The attacks continued Tuesday morning. On CNN, the newly hired contributor and former Representative Sean Duffy baselessly accused Vindman of dual loyalty or treason.

“It seems very clear that he is incredibly concerned about Ukrainian defense,” Duffy said. “I don’t know that he’s concerned about American policy, but his main mission was to make sure that the Ukraine got those weapons. I understand that. We all have an affinity to our homeland, where we came from … He’s entitled to his opinion. He has an affinity for the Ukraine, he speaks Ukrainian, and he came from the country, and he wants to make sure they’re safe and free. I understand that.”

Host John Berman, astonished, asked, “Are you saying a decorated war veteran isn’t looking out for America first, yes or no?”

“I don’t know what he’s doing,” Duffy replied, suddenly losing the ability to read Vindman’s mind, though he had demonstrated it moments earlier.

On Fox & Friends, Brian Kilmeade added, “We also know he was born in the Soviet Union, emigrated with his family, young. He tends to feel simpatico with the Ukraine.”

At least one Republican defended Vindman. “It is shameful to question their patriotism, their love of this country,” said Representative Liz Cheney of Wyoming, a close ally of the president’s.

Vindman is the model of what an immigrant ought to be. He came to the United States as a Jewish refugee from Soviet oppression. “Upon arriving in New York City in 1979, my father worked multiple jobs to support us, all the while learning English at night,” he wrote in his prepared testimony. “He stressed to us the importance of fully integrating into our adopted country.”

Vindman’s connection to his adopted country was so great that he joined the military and served multiple tours overseas. (This is the latest example of how Trump is delighted to use the military writ large as a prop when it suits him, but Trumpists are quick to smear actual veterans if they don’t toe the president’s line.) Vindman’s brother Yevgeny is also an Army lieutenant colonel. And Alexander Vindman is putting his career on the line by speaking up now on principle.
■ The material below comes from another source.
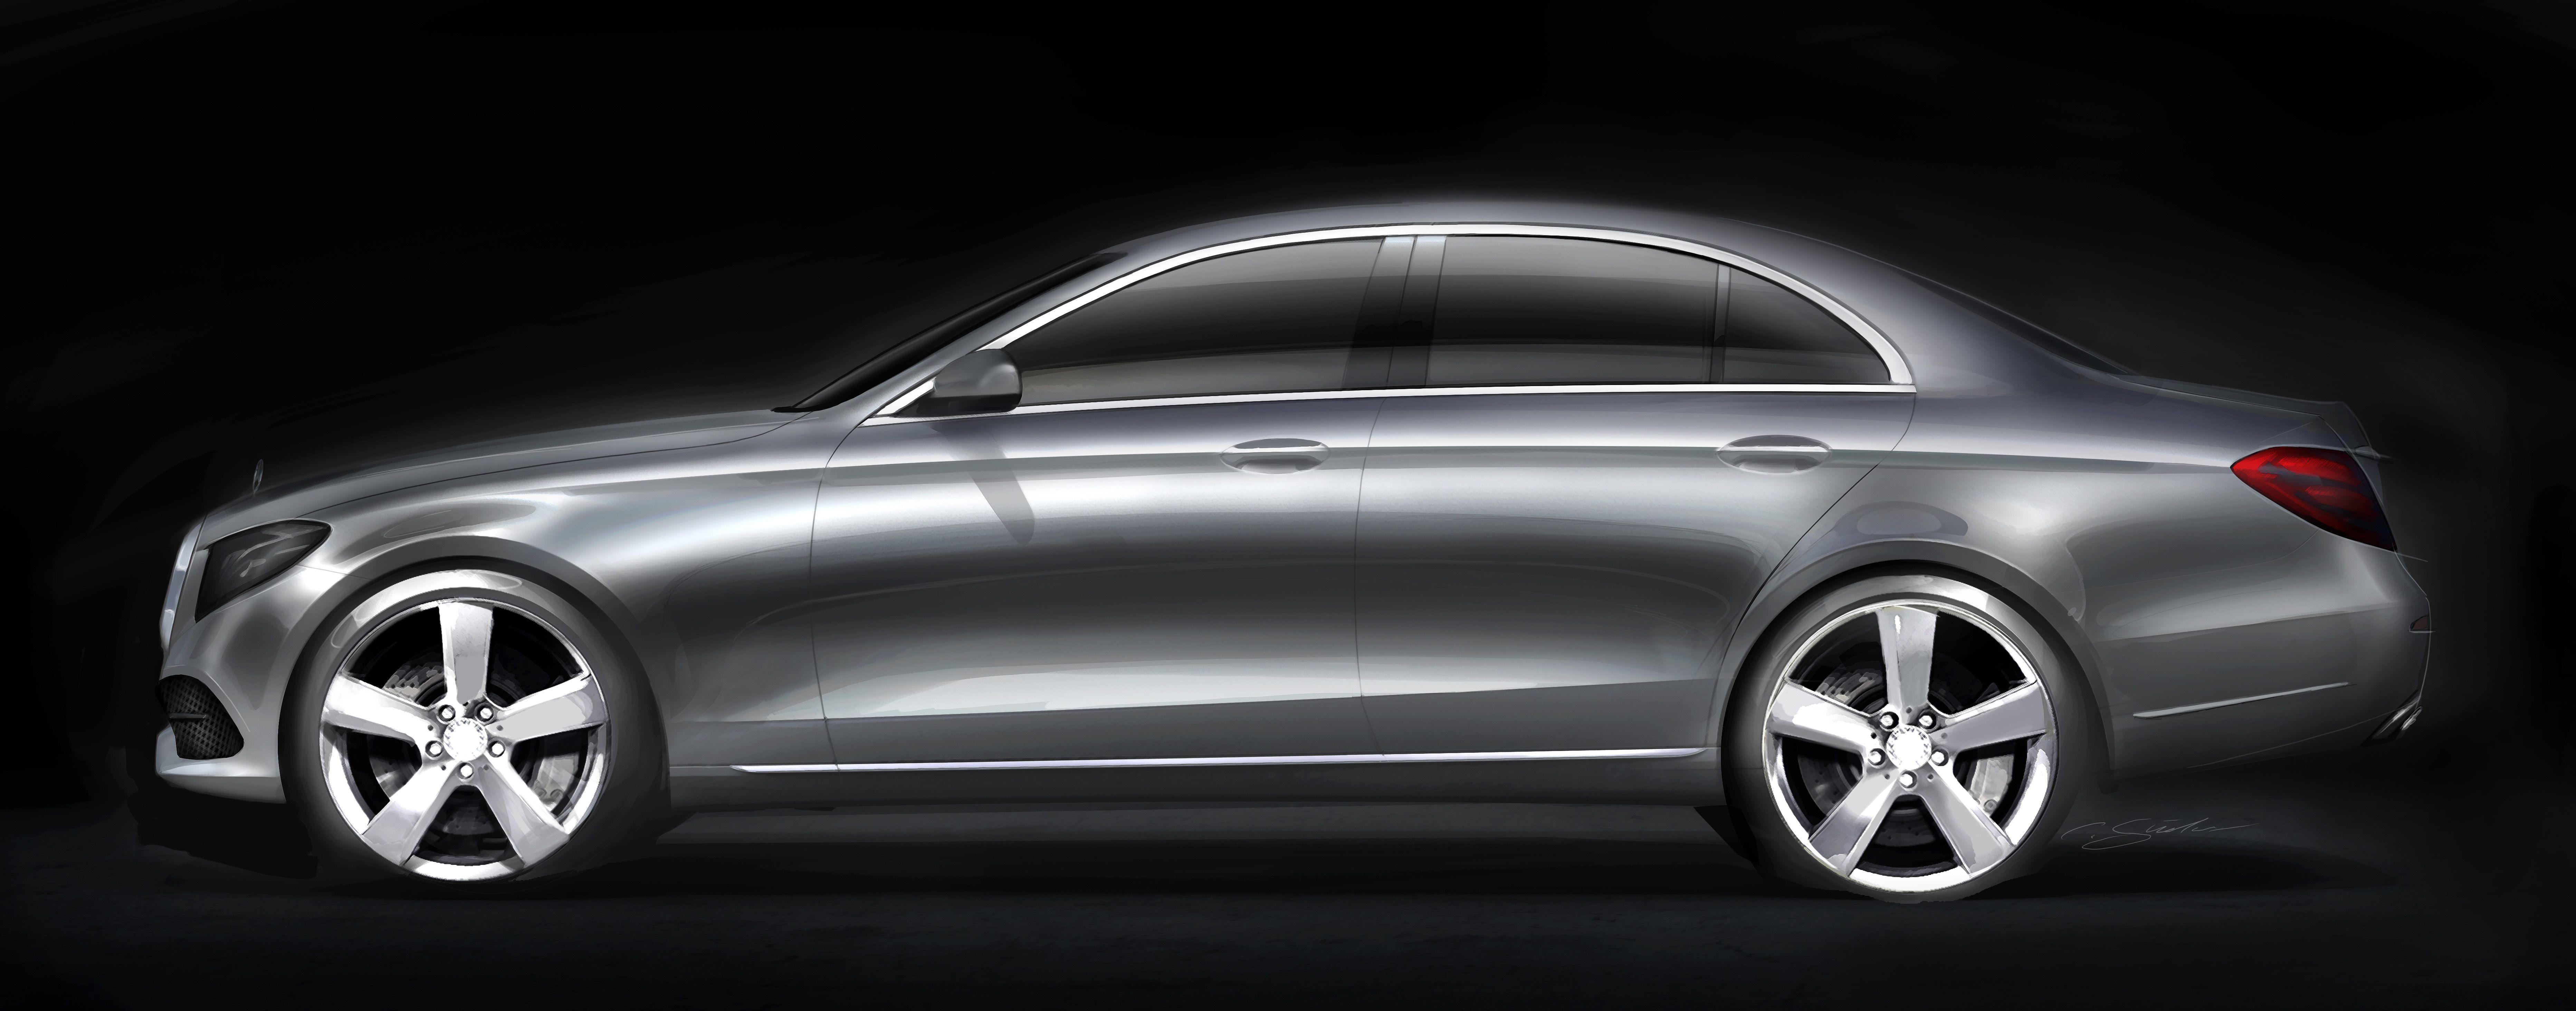 Mercedes Benz E Class Mercedes Benz Benz E Class Benz

Vindman’s experience as a refugee doesn’t make him a traitor; it makes him more viscerally able to appreciate the importance of the rule of law, absent in the Soviet system that his family fled. Suggesting otherwise without evidence is appalling and immoral, but it is the natural progression of Trumpism. The president kicked off his 2016 campaign by attacking unauthorized Mexican immigrants as “rapists and criminals,” and his allies have now moved on to attacking decorated veterans as traitors. If they are searching for scoundrels, there are plenty who were born on American soil.